Pour que votre Commissaire aux comptes puisse vous accompagner dans votre démarche de reporting CSRD, il doit être inscrit sur la liste des CAC habilités à certifier les informations de durabilité. Cela lui impose de suivre une formation spécifique homologuée par la H2A d’une durée de 90 heures.
Outre cette obligation de formation, les conditions d’exercice de la mission de certification des informations de durabilité dans le cadre de la CSRD sont les suivantes :
➢ durée des mandats : un principe 6 ans avec deux dérogations pour les premiers mandats ;
➢ co-commissariat de durabilité obligatoire lors du passage à un niveau d’assurance raisonnable.

Etape 6 : soignez la forme de votre reporting de durabilité CSRD !

Dans un souci d’harmonisation, le format même de ce reporting de durabilité est standardisé. Il doit être publié dans une section dédiée du rapport de gestion, selon un format digital défini (format électronique unique européen xHTML avec des insertions de balises (ou tags)).

Les rapports devront ensuite être transmis via une plateforme spécifique, l’European Single Access Point.

 

Questions fréquentes autour de la CSRD et de son application :

 

Quelle différence entre la CSRD et la CS3D ?

La CS3D (Corporate Sustainability Due Diligence Directive) et la CSRD ont pour objectif commun de renforcer la responsabilité des entreprises en matière de durabilité.  Alors que la CSRD a pour vocation d’établir de nouvelles normes et obligations de reporting extra-financier, la CS3D exige que les entreprises concernées fassent preuve de vigilance quant à leur chaine de valeur et à leurs impacts sur l’environnement et les droits humains.  Plus concrète, la CS3D concernait – à l’origine – les incidences négatives des activités des entreprises, des activités de leurs filiales et des opérations réalisées par leurs partenaires commerciaux dans les chaînes d’activités de ces entreprises. Ce devoir de vigilance se limite désormais aux fournisseurs directs (fournisseurs de rang 1).

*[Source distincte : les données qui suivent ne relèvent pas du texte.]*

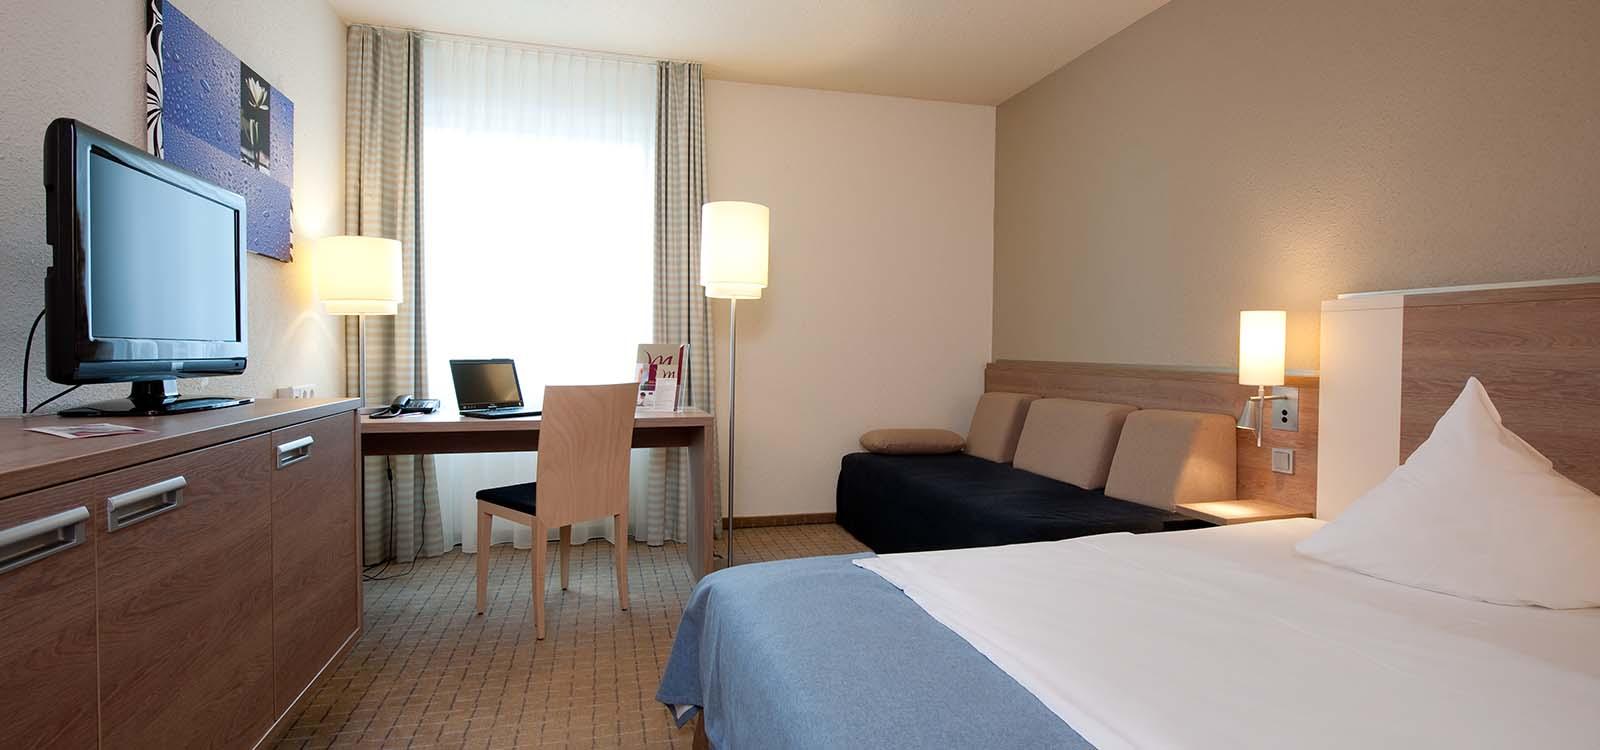 Mercure hotel aachen europaplatz event hotels intl for Designhotel aachen

Quelle différence entre un CAC ou un OTI dans le cadre de la CSRD ?

CAC est un acronyme qui désigne la fonction de Commissaire aux comptes. Sous conditions de l’obtention d’une formation de 90 heures répondant aux exigences spécifiques à la CSRD, le Commissaire aux comptes est habilité à accompagner les entreprises dans le cadre de la production de leur reporting de durabilité CSRD, mais aussi et surtout à contrôler l’ensemble des données transmises tant sur le volet de la matérialité financière que sur celui de la matérialité extra-financière.
Les Organismes Tiers Indépendant ou OTI sont, quant à eux, des entités accréditées en charge du contrôle et de l’évaluation des informations de durabilité publiées par les entreprises concernées par la CSRD.

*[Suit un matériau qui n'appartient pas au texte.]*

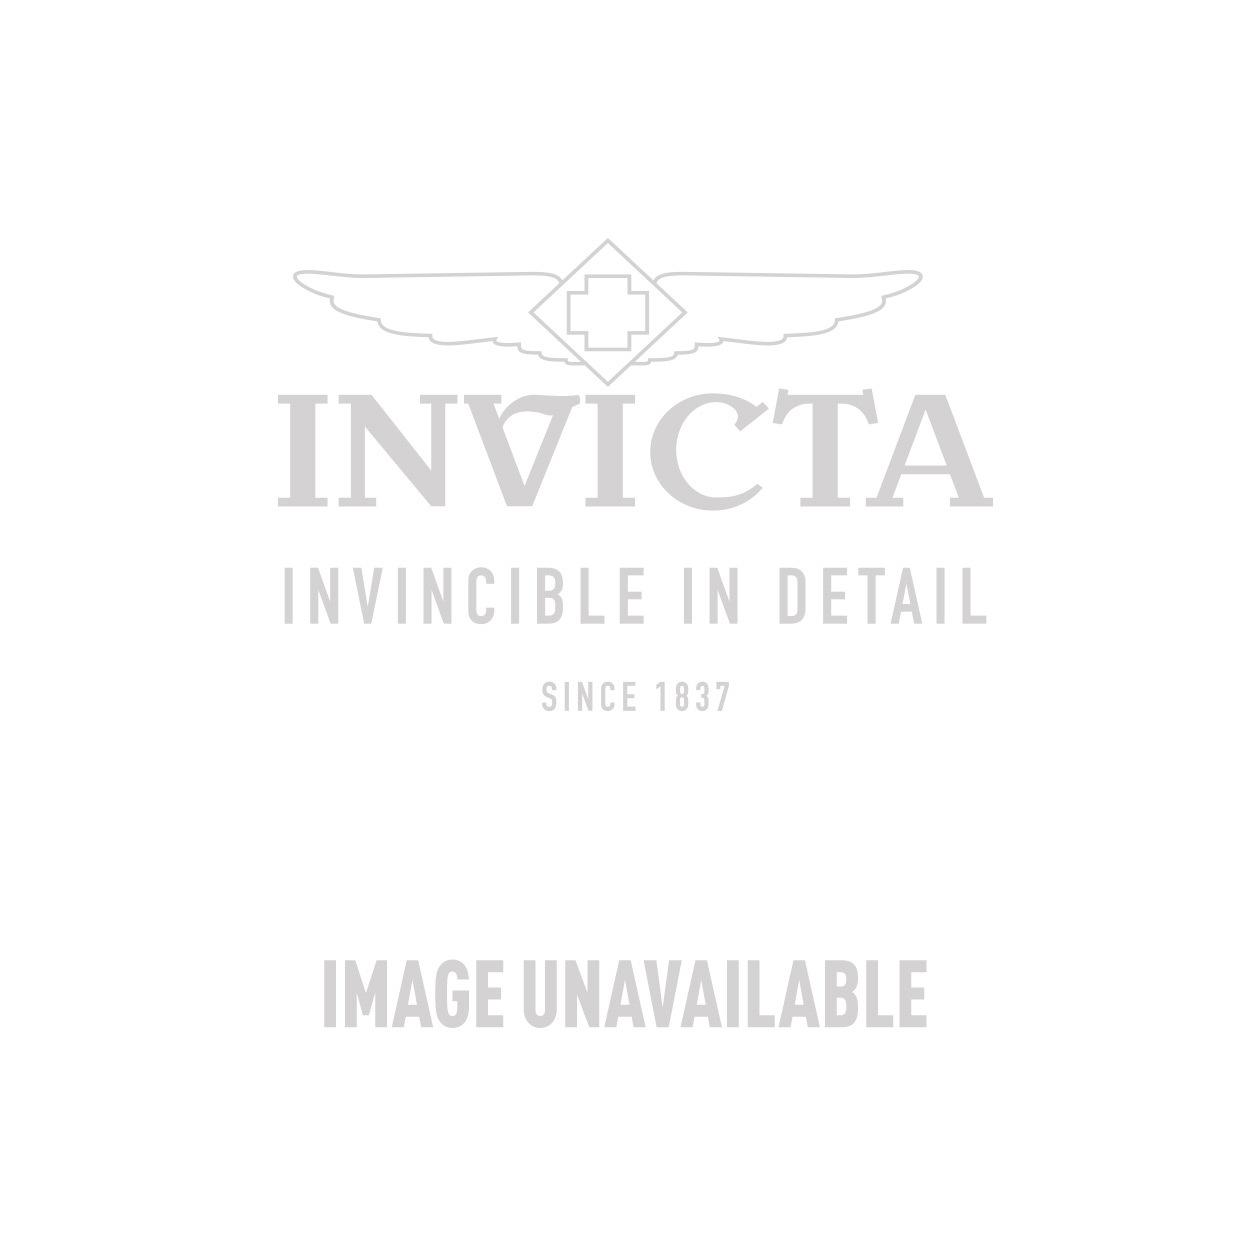 Invicta Model 28772

Dans le cadre de votre démarche de production et de contrôle de votre reporting de durabilité CSRD, vous pouvez donc faire appel à un Commissaire aux comptes certifié CSRD par le H2A – également appelé CAC vert ! – ou à un OTI.

 

Votre expert-comptable est-il le bon interlocuteur pour vous assurer de la conformité de votre entreprise concernant la CSRD ?

Si votre expert-comptable est également Commissaire aux comptes habilité à réaliser le contrôle de reporting CSRD, il est alors sans contexte un interlocuteur de choix pour vous guider dans la production et le contrôle de votre reporting CSRD. Il pourra ainsi aussi bien vous accompagner sur le versant de la matérialité financière que sur celui de la matérialité extra-financière.
Par ailleurs, votre cabinet d’expertise comptable peut vous proposer de réaliser un audit de durabilité ou un bilan carbone au sein de votre entreprise.

 

Comment obtenir son visa durabilité CSRD ?

Vous l’aurez donc compris, la CSRD est un texte réglementaire exigent et complexe, qui impose une compréhension fine des enjeux environnementaux, une bonne connaissance de la chaine de valeur de votre entreprise et une lecture attentive des directives européennes. La mise en œuvre d’une démarche de reporting de durabilité CSRD exigera de mettre en place des ressources dédiées en interne, voire en externe, de développer des expertises spécifiques et une méthodologie de reporting reposant sur le principe de double matérialité. Au regard de l’ampleur du projet, nous ne saurons trop vous conseiller d’anticiper la production de ce reporting et de vous faire accompagner, que votre démarche soit contrainte ou volontaire.